Practical tip: Assign the annual review to a specific board meeting. Add "Safety Case Report review" as a standing agenda item at your AGM or your first board meeting each year. This prevents it being forgotten.
Questions
Who is responsible for the Building Safety Case in an RTM company?
The RTM company itself is the Accountable Person and bears legal responsibility for maintaining the building safety case and preparing the Safety Case Report. Individual directors cannot delegate this accountability, even if they appoint a managing agent to carry out day-to-day tasks. All directors share operational responsibility for ensuring the company meets its obligations (Building Safety Act 2022, s.72).
Is there a deadline for RTM companies to complete a Safety Case Report?
There is no single deadline. The Building Safety Act 2022 requires the report to be prepared "as soon as reasonably practicable." The practical trigger is when the BSR calls your building in for Building Assessment Certificate assessment, giving you 28 days to submit your application, which includes the Safety Case Report. Do not wait for the call -- start preparing now.
Can an RTM company hire a consultant to write the Safety Case Report?
Yes. You can commission fire safety consultants or building safety professionals to help prepare the report. However, the RTM company retains legal responsibility as the Accountable Person. You must understand and be able to explain the contents of the report. If the BSR asks a question about your safety case, "our consultant wrote it" is not an acceptable answer.
What happens if an RTM company does not have a building safety case?

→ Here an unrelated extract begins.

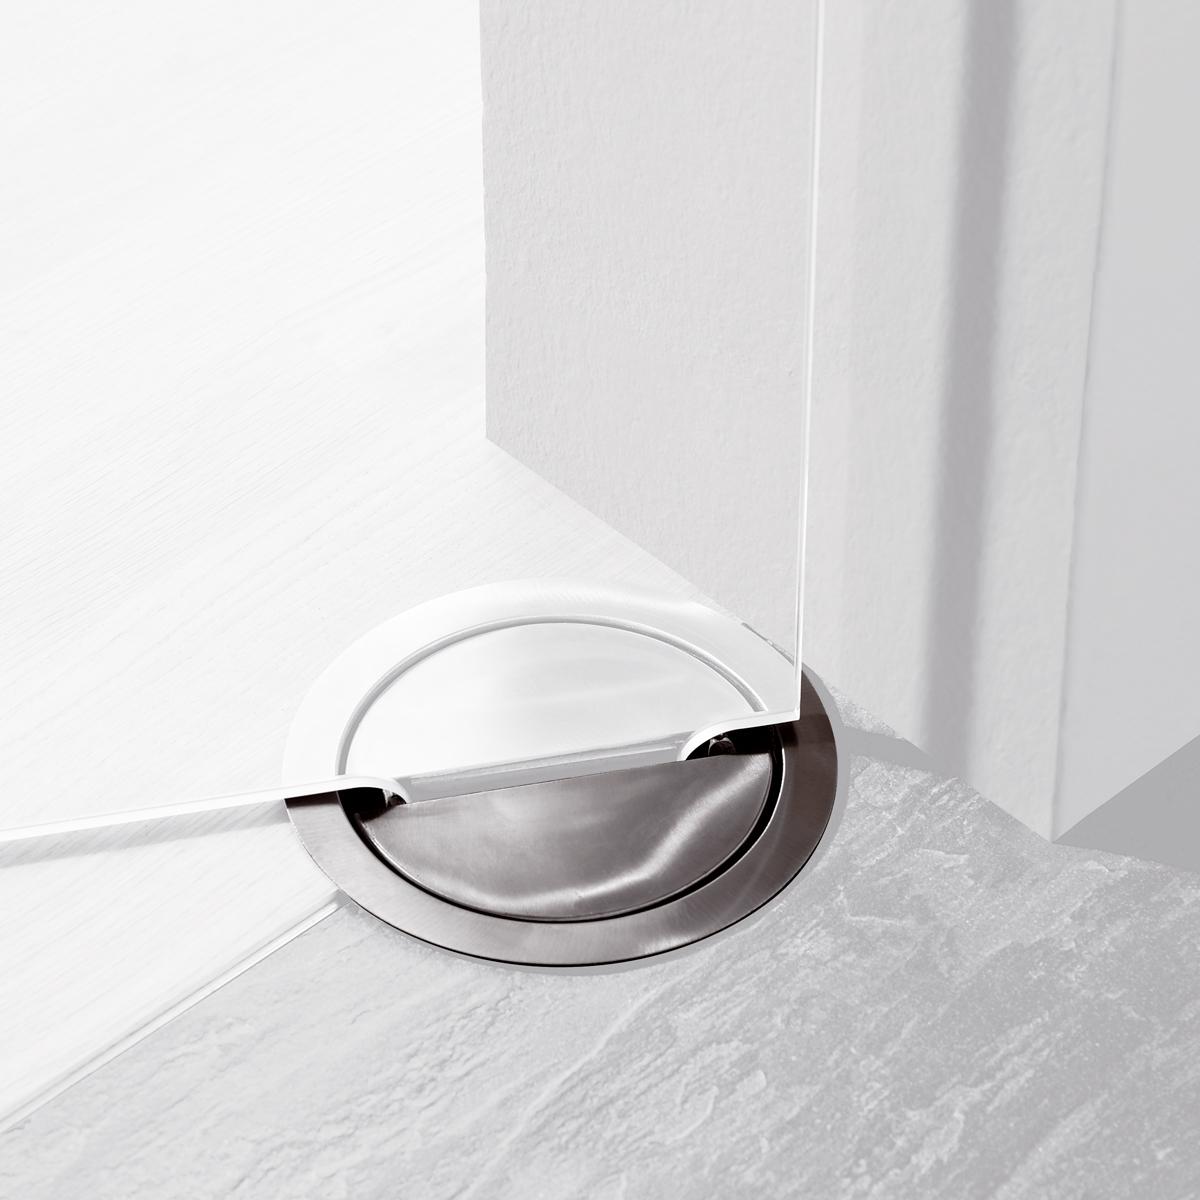 Dorma Visur Concealed Hardware For Double Acting Doors

Without a safety case, you cannot produce the Safety Case Report required under section 85. Your Building Assessment Certificate application will be refused. More seriously, non-compliance that gives rise to a risk of death or serious injury is a criminal offence under section 101 of the BSA 2022, punishable by imprisonment, an unlimited fine, or both.
How often should an RTM company update its Safety Case Report?
Treat the report as a living document. Update it after any significant change to the building, new risk information, safety incidents, changes to maintenance regimes, or at least annually. The BSR expects your safety case to reflect current conditions, not a historical snapshot. Record each update in a changelog.
This guide is for informational purposes. For building-specific advice, consult a qualified fire safety professional.